I don't know if I'm wrong or if it makes sense but, my idea is to use a single prediction and based on that one, predict the future values (I'm using a LSTM model on Keras). What I'm trying to do is:
1) Get the first X known values (initial_values)
2) Predict using initial_values and get (initial_prediction).
3) Delete the first element of initial_values and append initial_prediction
4) Repeat from step 2) X times.
My code look like this:
predictions = []
y_test_concat = []
num_steps_before = 30
# Step 1
# X_test_scaled_shape: (192, 1)
y_test_concat.append(X_test_scaled[:num_steps_before,:])

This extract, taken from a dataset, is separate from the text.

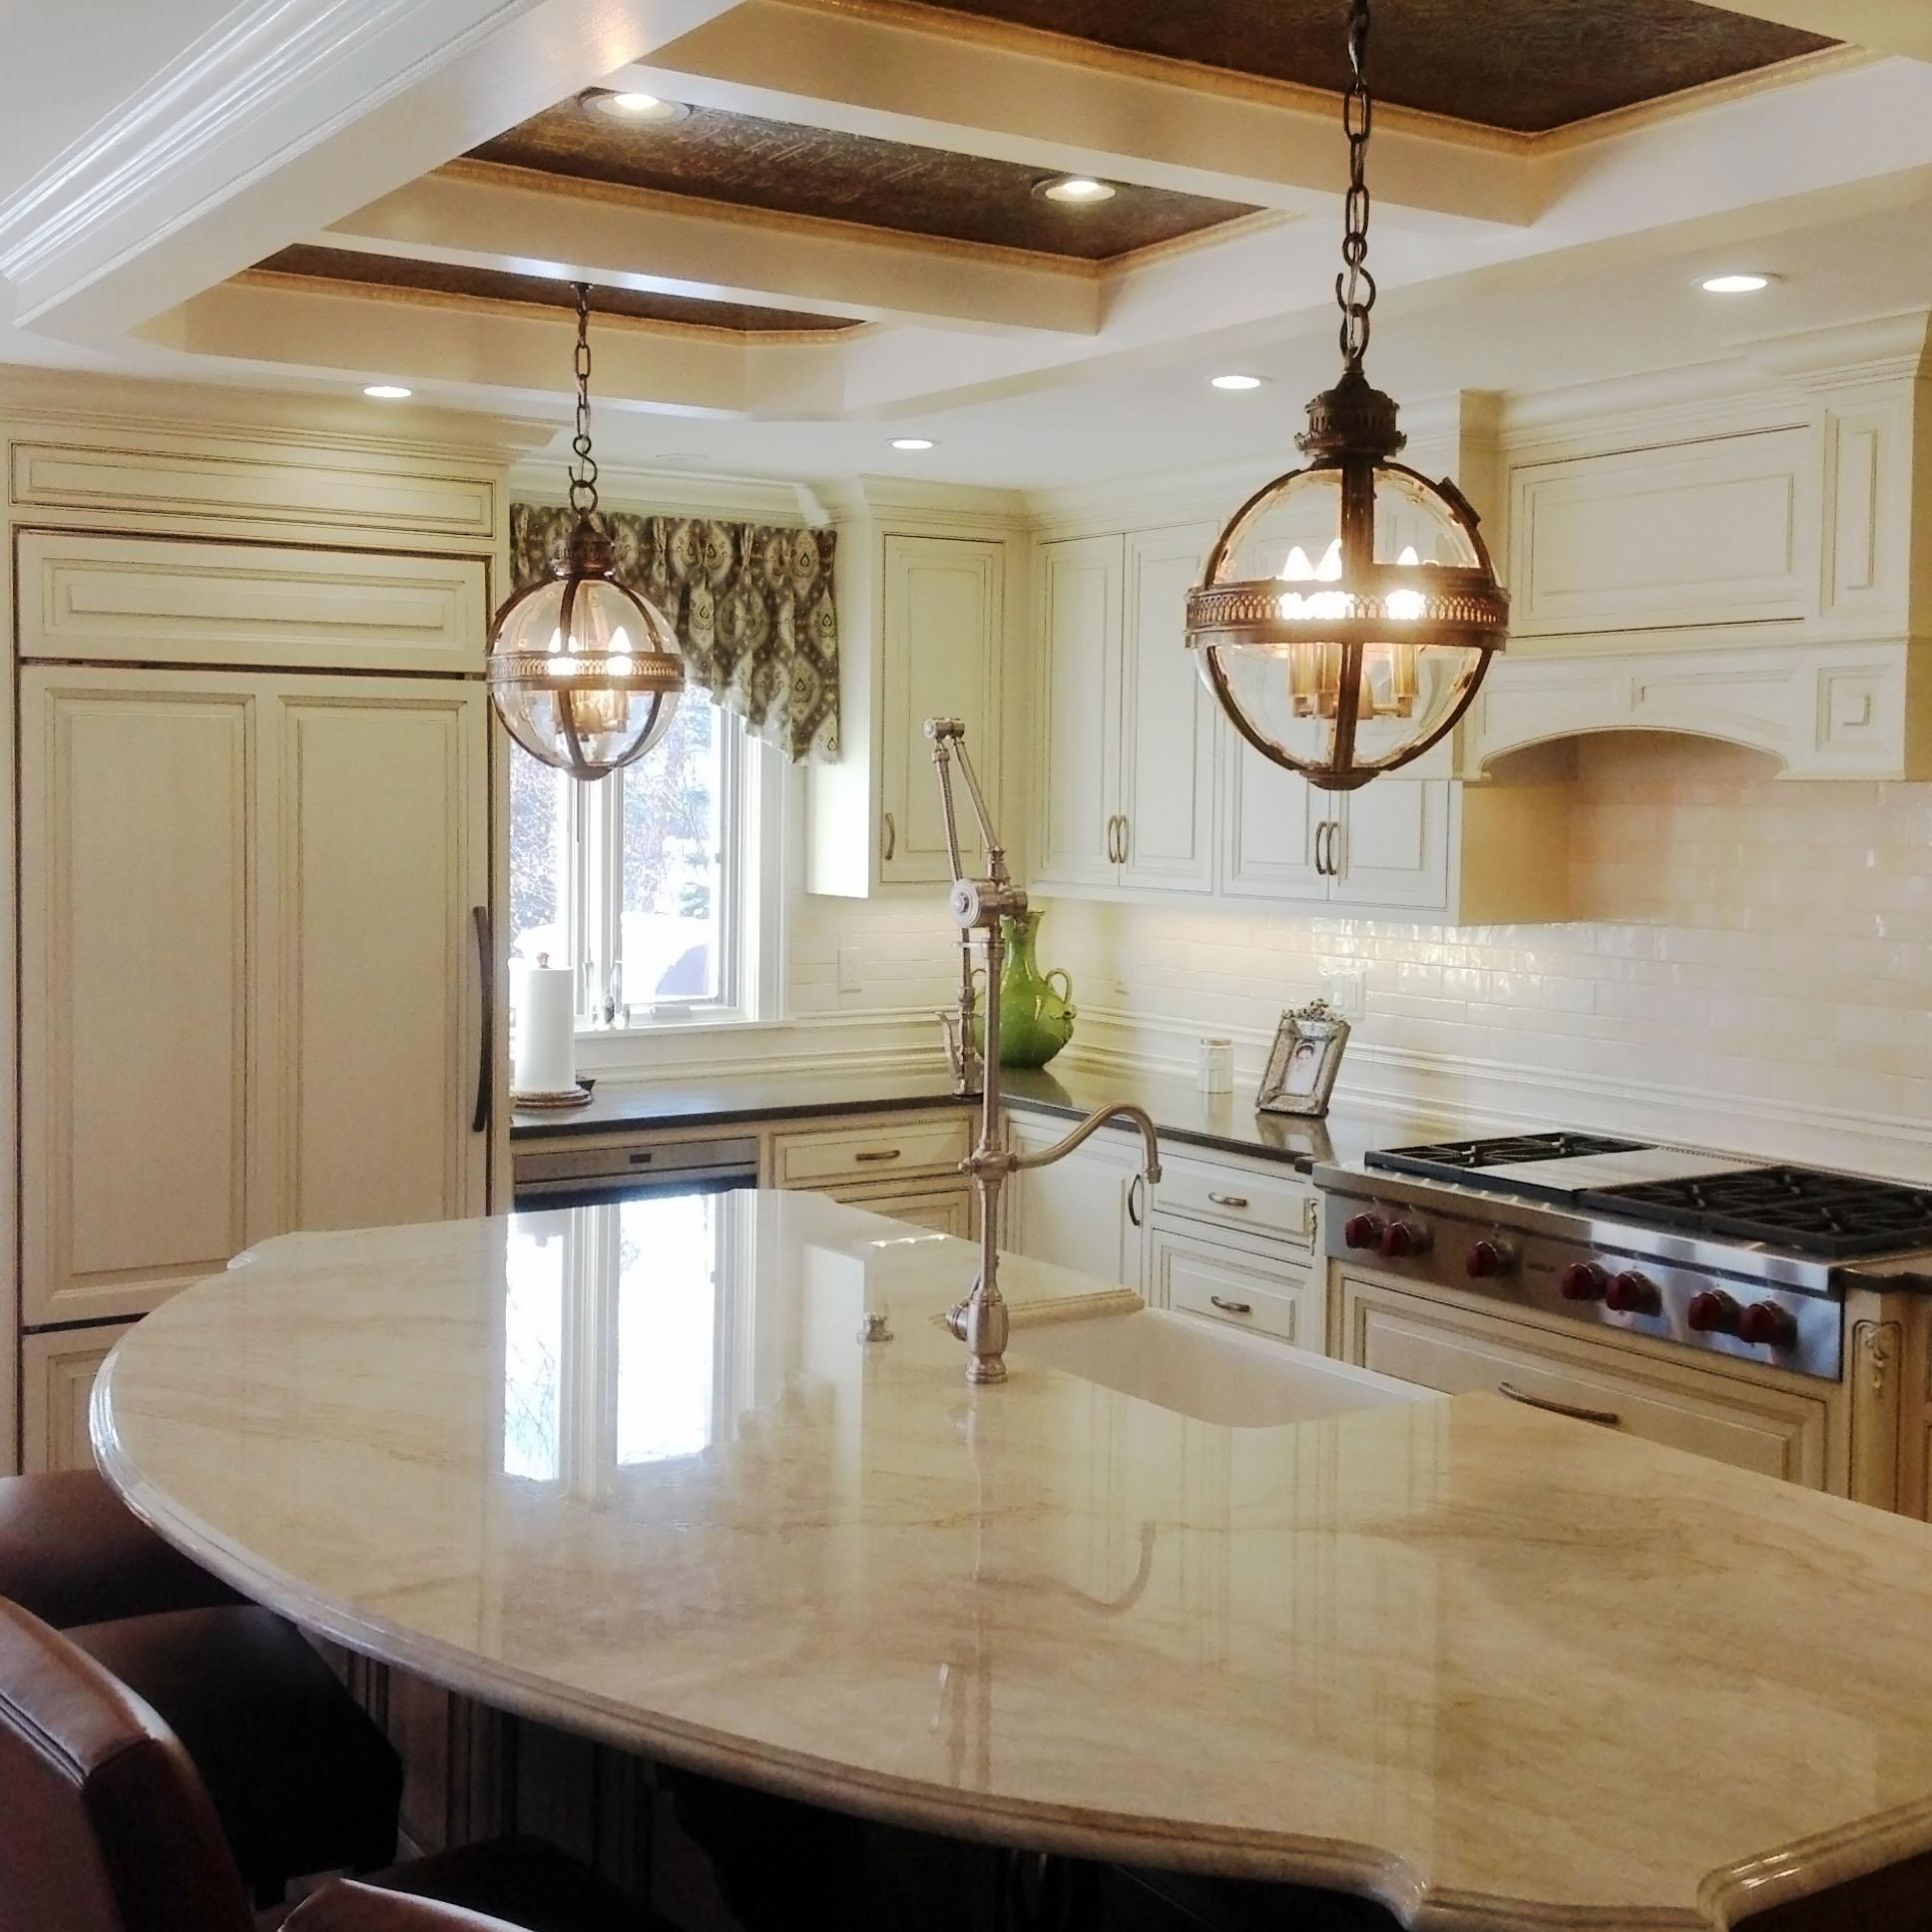 Quartzite Countertops For Kitchen : Quartzite kitchen countertops inspiration gallery
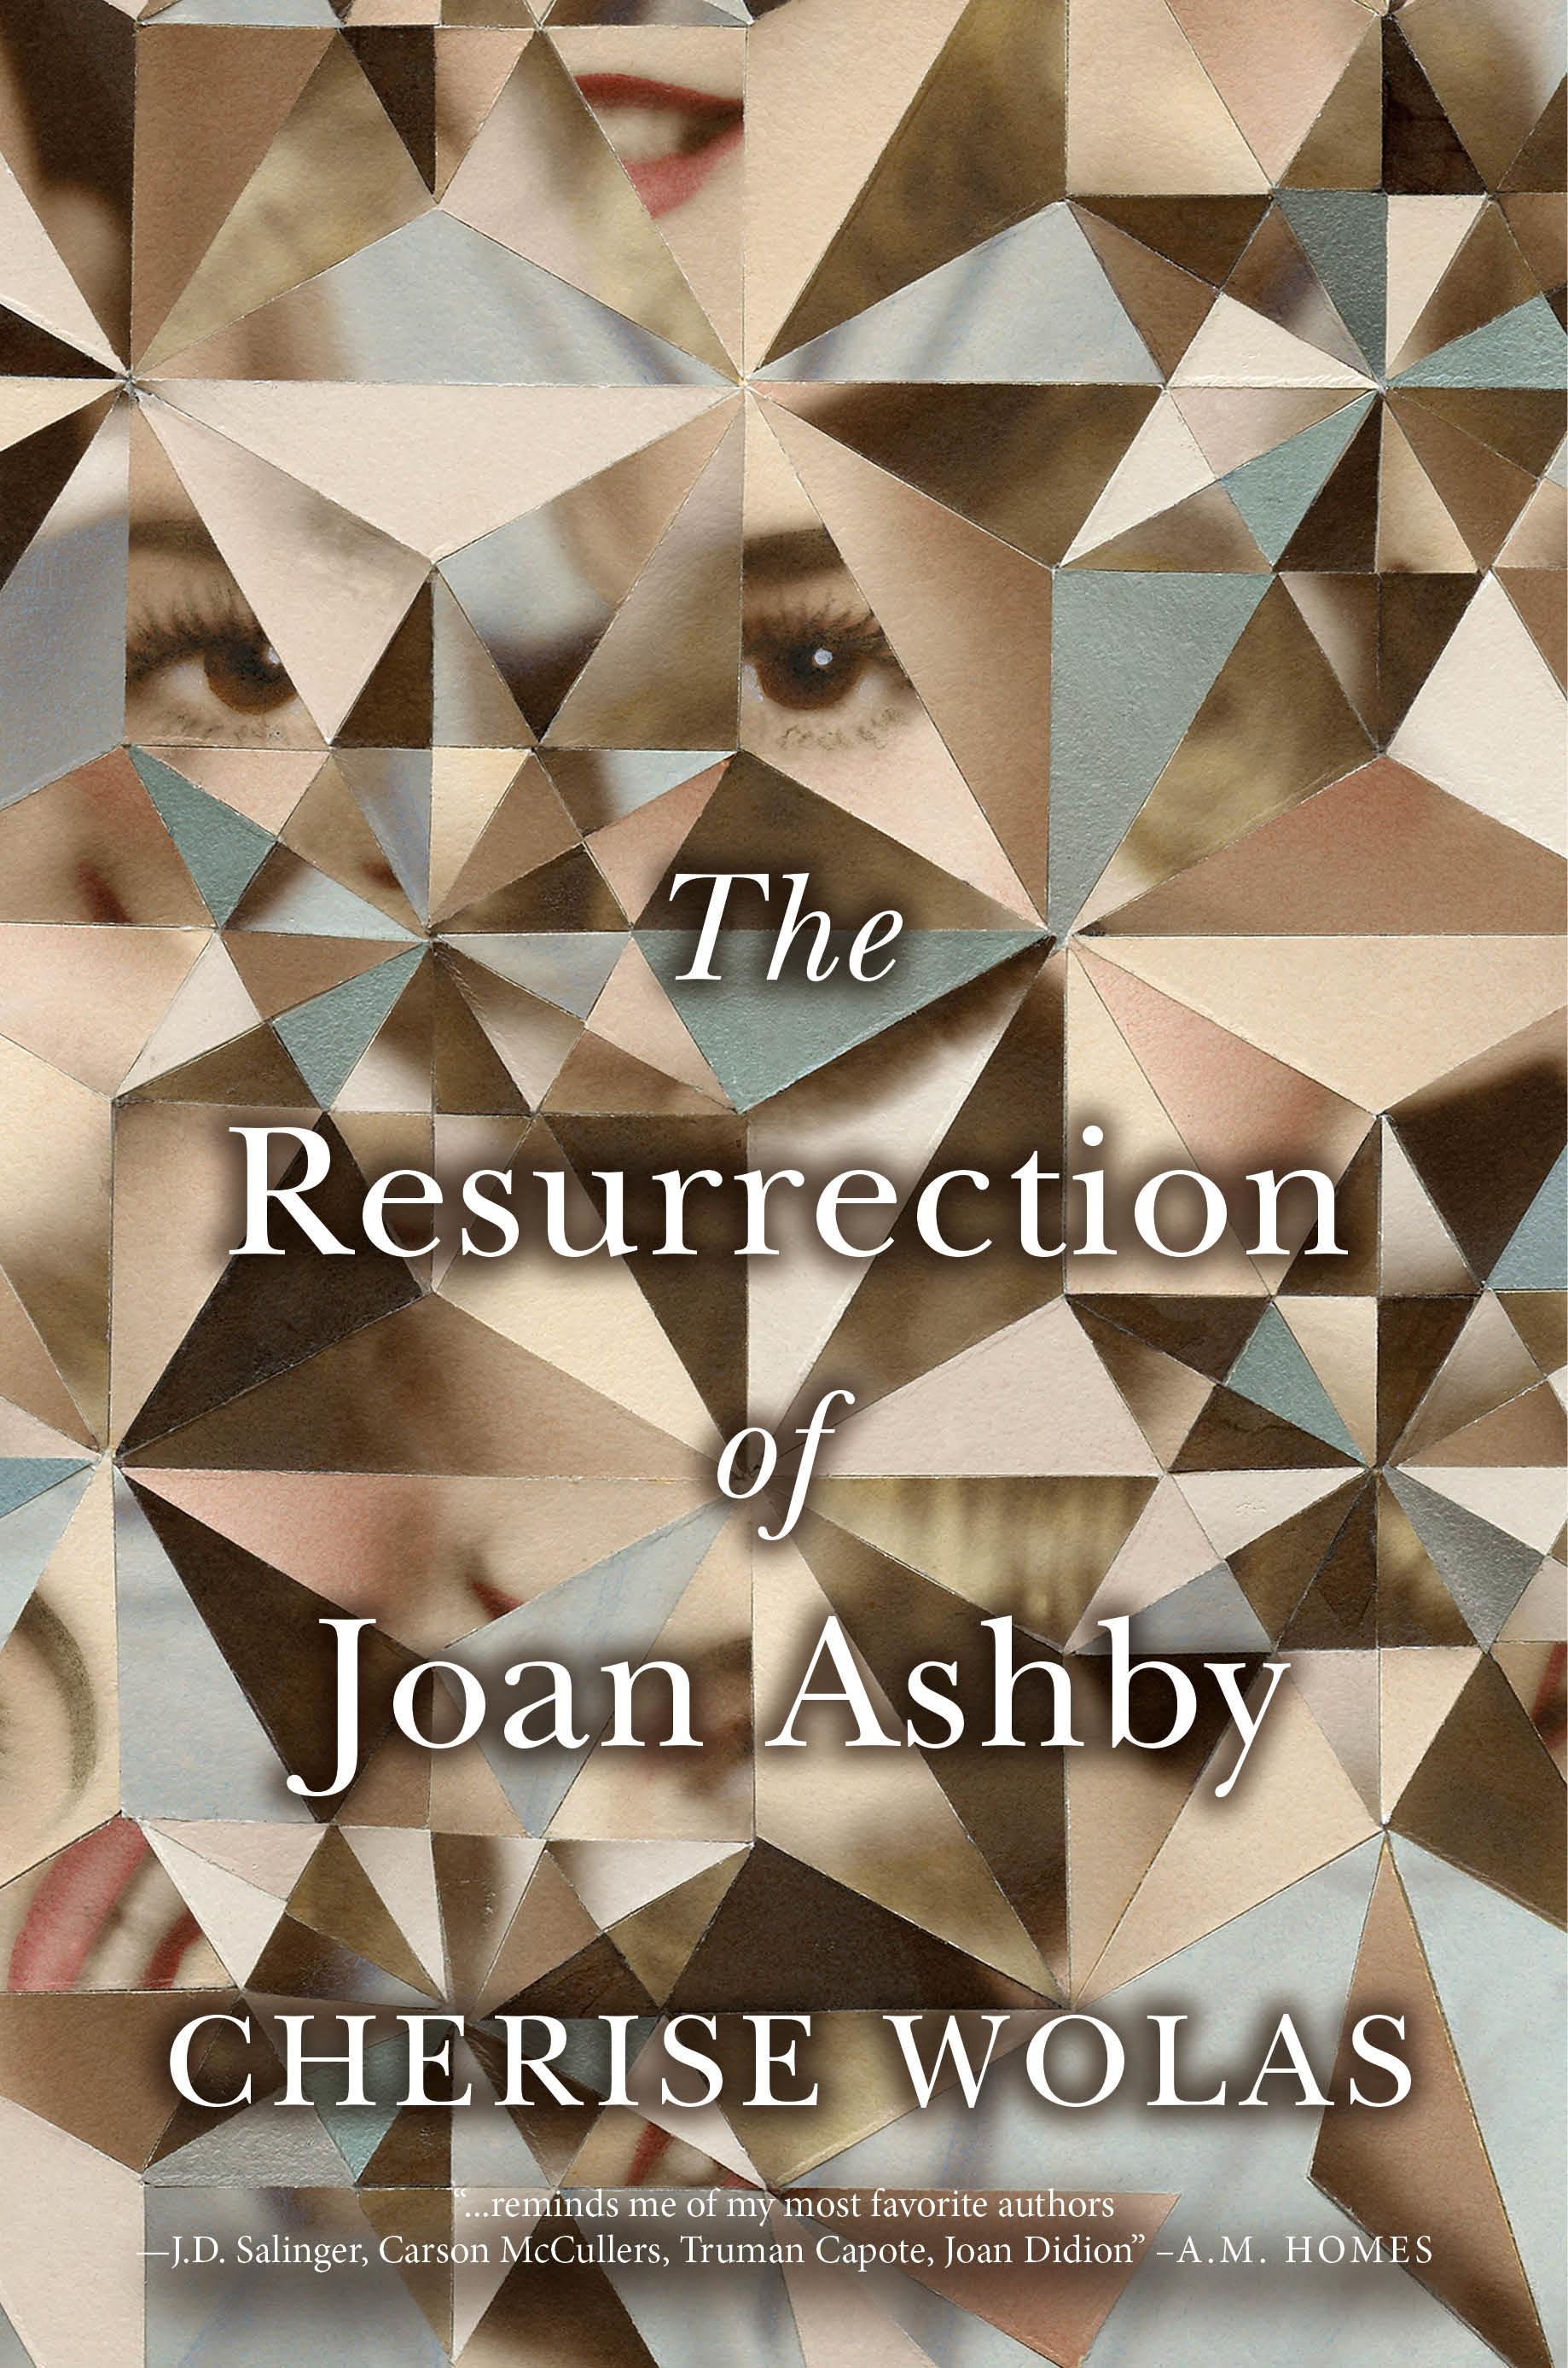 bc20508add4 The Resurrection of Joan Ashby by Cherise Wolas Flatiron Books

y_test_concat = np.array(y_test_concat)
y_test_concat.reshape(y_test_concat.shape[0],y_test_concat.shape[1],1)
# Step 2
simulated_predictions.append(model.predict(y_test_concat))
# Step 3 (where I get stucked)
num_steps_to_predict = 10
for i in range(1,num_steps_to_predict):
...
So during the next iterations the array should like this:
[initial_value2,initial_value3,...initial_value30, initial_prediction]
[initial_value3,initial_value4,...initial_prediction, initial_prediction2]
...
[initial_value20,initial_value21,...initial_predictionX, initial_predictionY]
Any ideas? I was wondering if there's something already implemented in Keras to do such thing using LSTM.